Di Indonesia hobiis seperti Doddy bermunculan di mana-mana. Di rumah Jimmy Humardani, di Tomang Raya, Jakarta Barat, 2 lou han berukuran 16 dan 20 cm, serta belasan ekor masih kecil menghiasi ruang tamu. Pimpinan sebuah perusahaan distributor mesin pendingin itu kesengsem lou han pascamengunjungi pameran ikan hias di Plaza Gajah Mada.

Lou han
Bermain dengan Rp 60-juta

“Lou han punya daya tarik tinggi; sosok, warna, dan dipercaya membawa hoki,” ujar Abin di Telukgong, Jakarta Utara. Pria yang sehari-hari mengelola toko kosmetik itu mengoleksi 60 ekor. Rata-rata 10 cm dan ada 15 ekor berukuran 15 cm. Abin membelinya 3 bulan lalu ketika berukuran 5-7 cm. Harganya Rp 100.000-Rp 200.000 per ekor.

Di Bintaro, Jakarta Selatan, Markus Ahadi pun sudah 4 bulan kecanduan lou han. “Sejak kecil saya senang ikan. Makanya ketika lou han banyak dibicarakan, ingin memiliki,” papar Markus. Salah satu kebanggaannya/fome of theforest ukuran 6 inci. Ikan yang sangat jinak itu tak bermotif, kepala merah dan sekujur tubuh kuning.

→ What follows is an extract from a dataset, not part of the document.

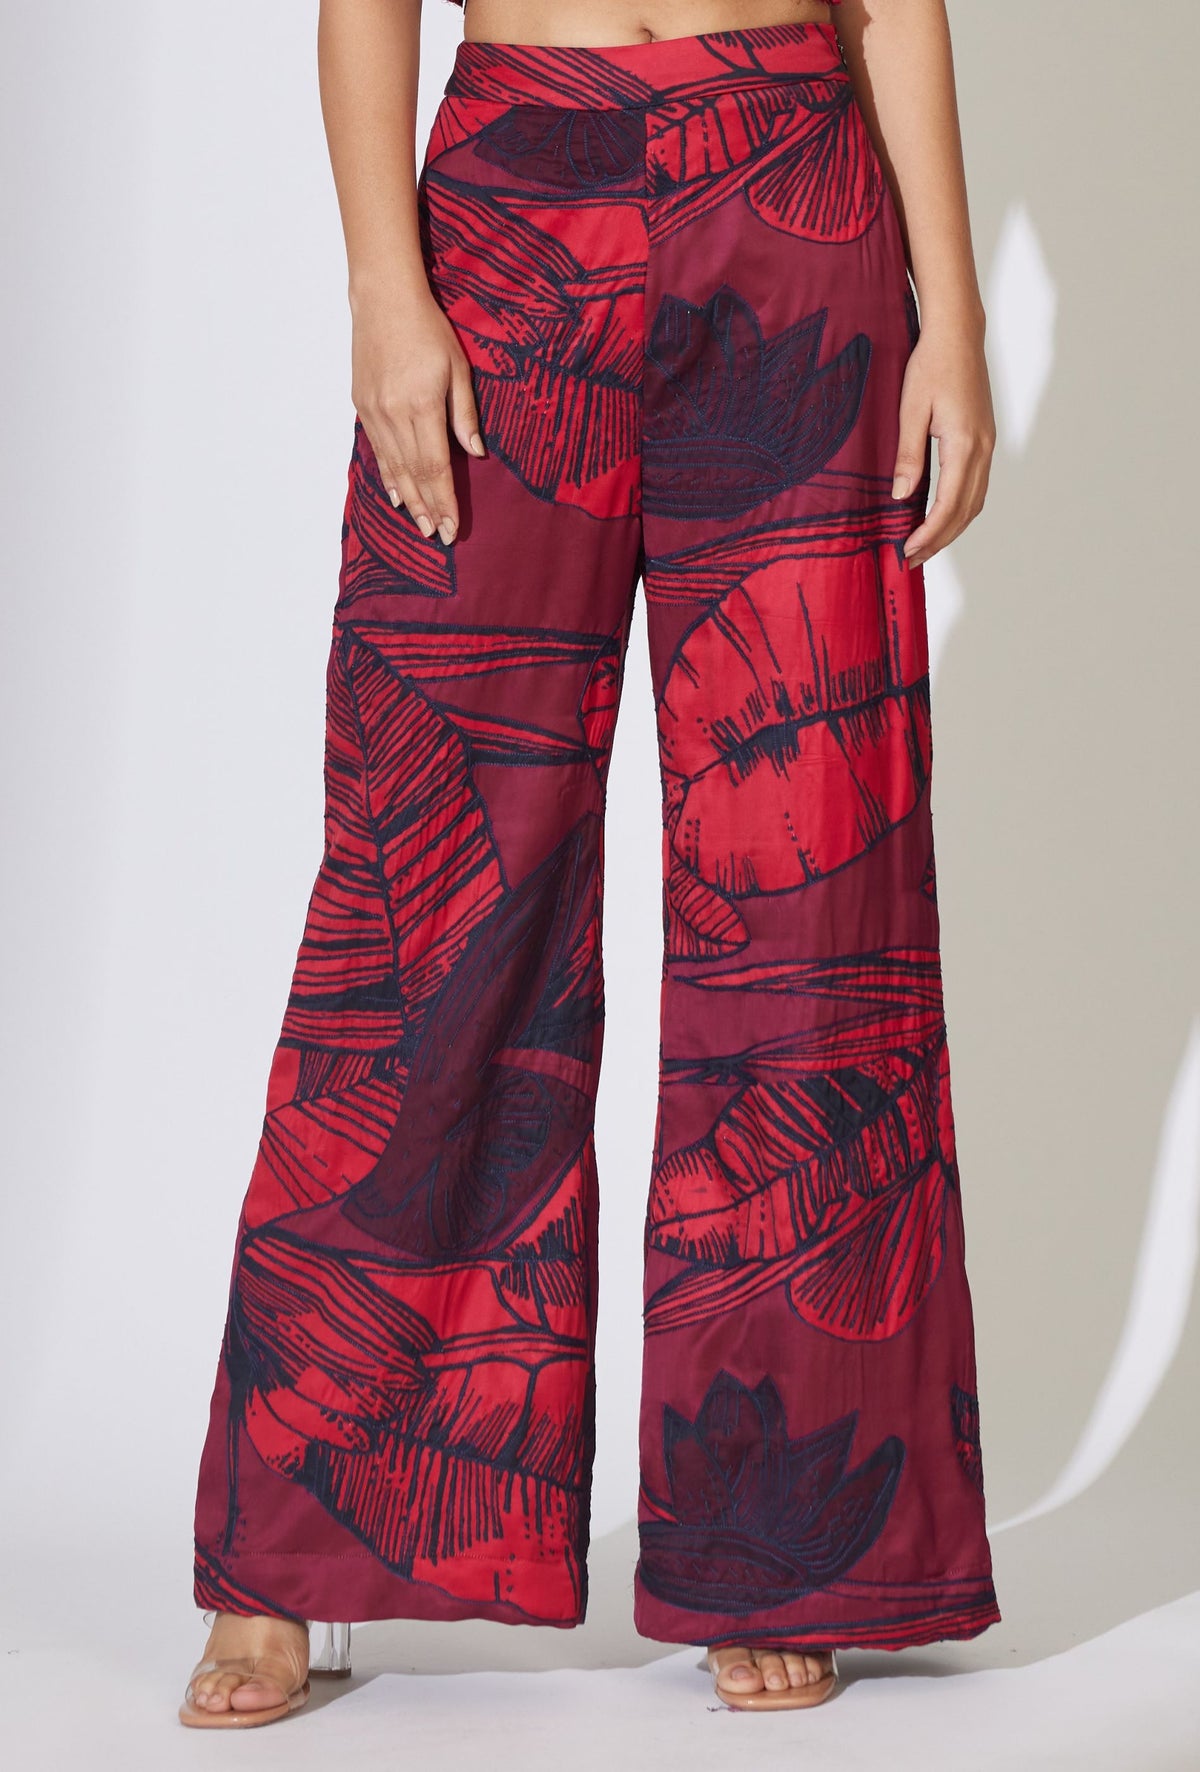 RED AND MAROON FLORAL EMBROIDERED PANTS
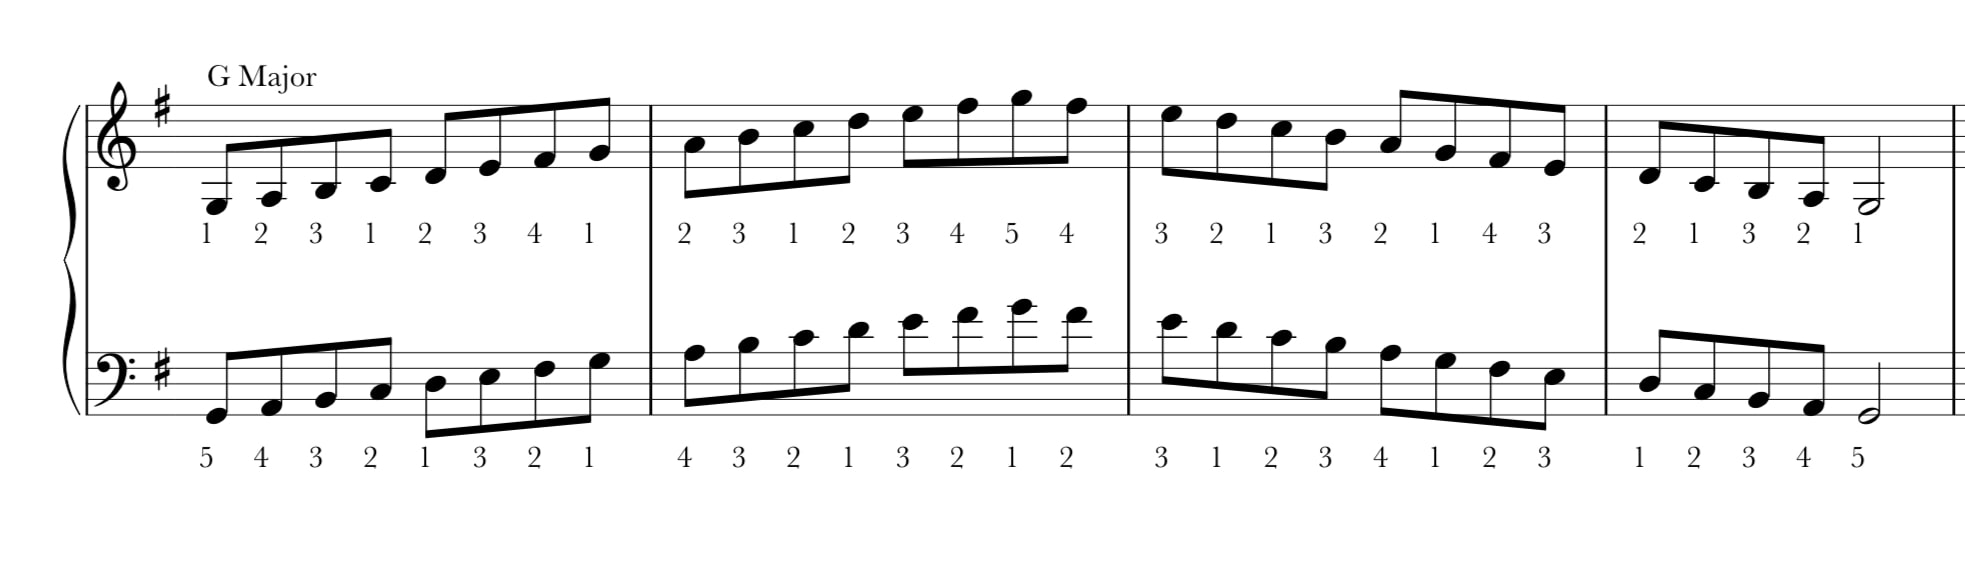 Notation for G major scale showing fingering

Lou han mewabah tidak hanya di Jakarta, “Hampir di seluruh kota besar, seperti Semarang, Surabaya, Pekalongan, Solo, Yokyakarta, Bandung, dan Malang,” sebut Iskandar, importir di Ciledug, Tangerang. Demikian juga di Bangka, Palembang, Pangkalpinang, Batam, dan Banjarmasin.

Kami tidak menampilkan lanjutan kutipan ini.